OK, that's what I thought might be the answer. However, I have seen a dog that is a retrieving fool (never tires from retrieving, has the highest prey drive in my training group) suddenly produce a no go. I actually thought that the dog looked confused. When the handler changed her tone, her dog then did the retrieve. I actually had the thought that somehow there really was confusion on the part of the dog. Just a thought.


----------



## EvanG (Apr 26, 2008)

mlopez said:


> I thought this was important enough to get its own thread, aside from the discussion in the weekly training. Also, it's self-serving, considering that I am in the middle of dealing with all of these.
> 
> Let's take Riot. We are just starting the T.
> 
> Also, if people are having no-goes at other stages of transition, feel free to jump in


So, to get to this point, did you ear pinch, stick fetch, Walking Fetch, and force to pile? What you do about no-goes is dependent upon what tools you have on board. Be reluctant to just "try" this or that, especially with an e-collar. Experimenting is not fair to the dog, and may do more harm than good.

EvanG


----------



## MarieP (Aug 21, 2011)

EvanG said:


> So, to get to this point, did you ear pinch, stick fetch, Walking Fetch, and force to pile? What you do about no-goes is dependent upon what tools you have on board. Be reluctant to just "try" this or that, especially with an e-collar. Experimenting is not fair to the dog, and may do more harm than good.

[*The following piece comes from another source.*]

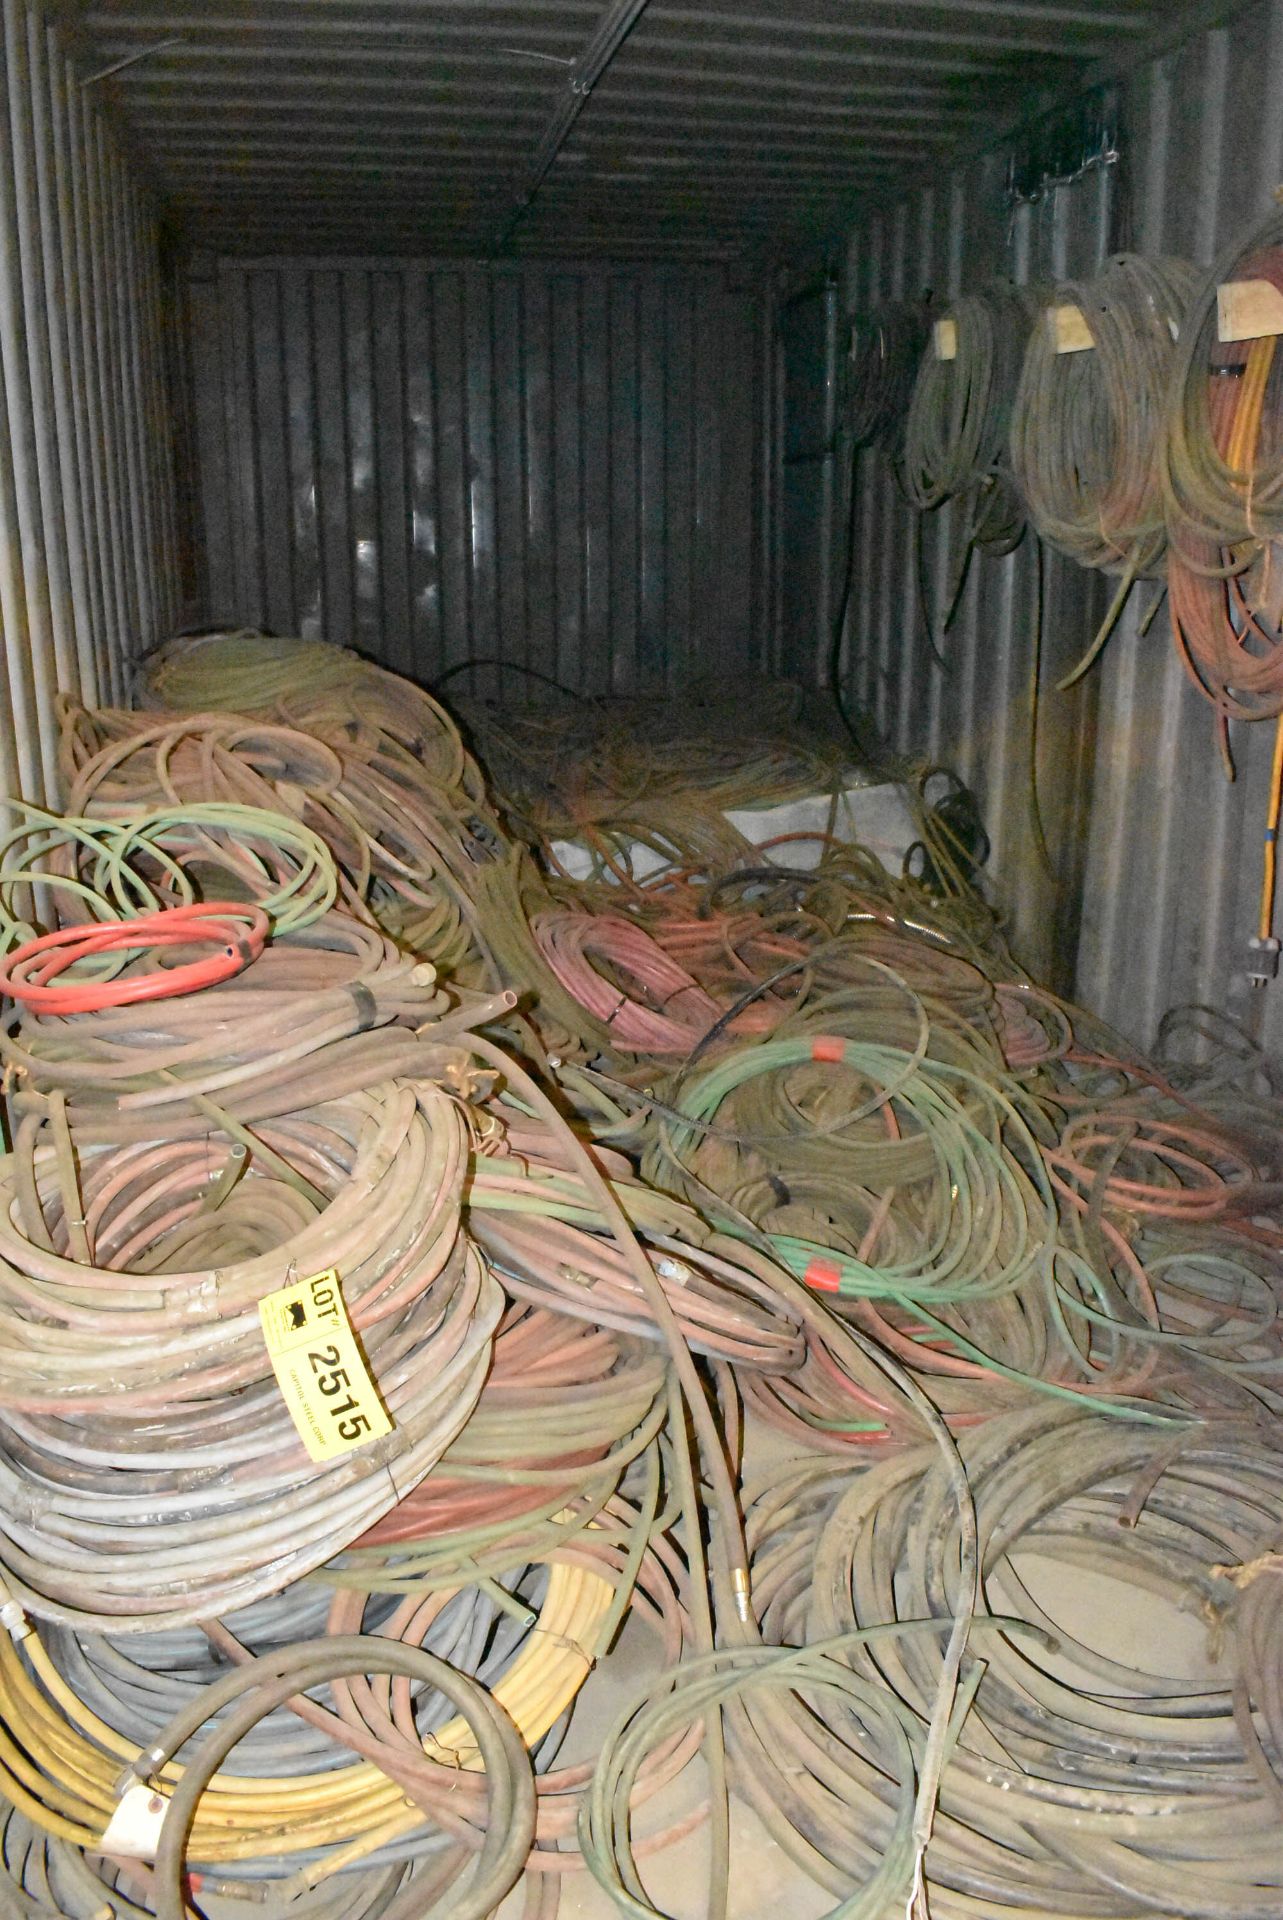 LOT/ CONTENTS OF CONTAINER - PNEUMATIC HOSE, HYDRAULIC HOSE, WELDING CABLES, OXY-ACETYLENE HOSE

Yes, I sure did do all of those. I also went back to FTP after having trouble so that I could make sure I was being clear on what I wanted. Adding pressure with the e-collar was the last thing I tried. I'm not experimenting, I'm trying to figure out what works. Isn't that how you problem solve?


----------



## EvanG (Apr 26, 2008)

mlopez said:


> Yes, I sure did do all of those..... I'm not experimenting, I'm trying to figure out what works. Isn't that how you problem solve?


Yes it is. Someone had posted that you could, "You could try heel nick heel, then send." I'm not second guessing you on this, but rather simply issuing a caution. That's a good treatment, provided you know about the dog, so I asked what tools you had before offering a suggestion.

How did it go when you went back to FTP? Did you go through a full set of forcing; from your side, en route, and on "Back"?

EvanG


----------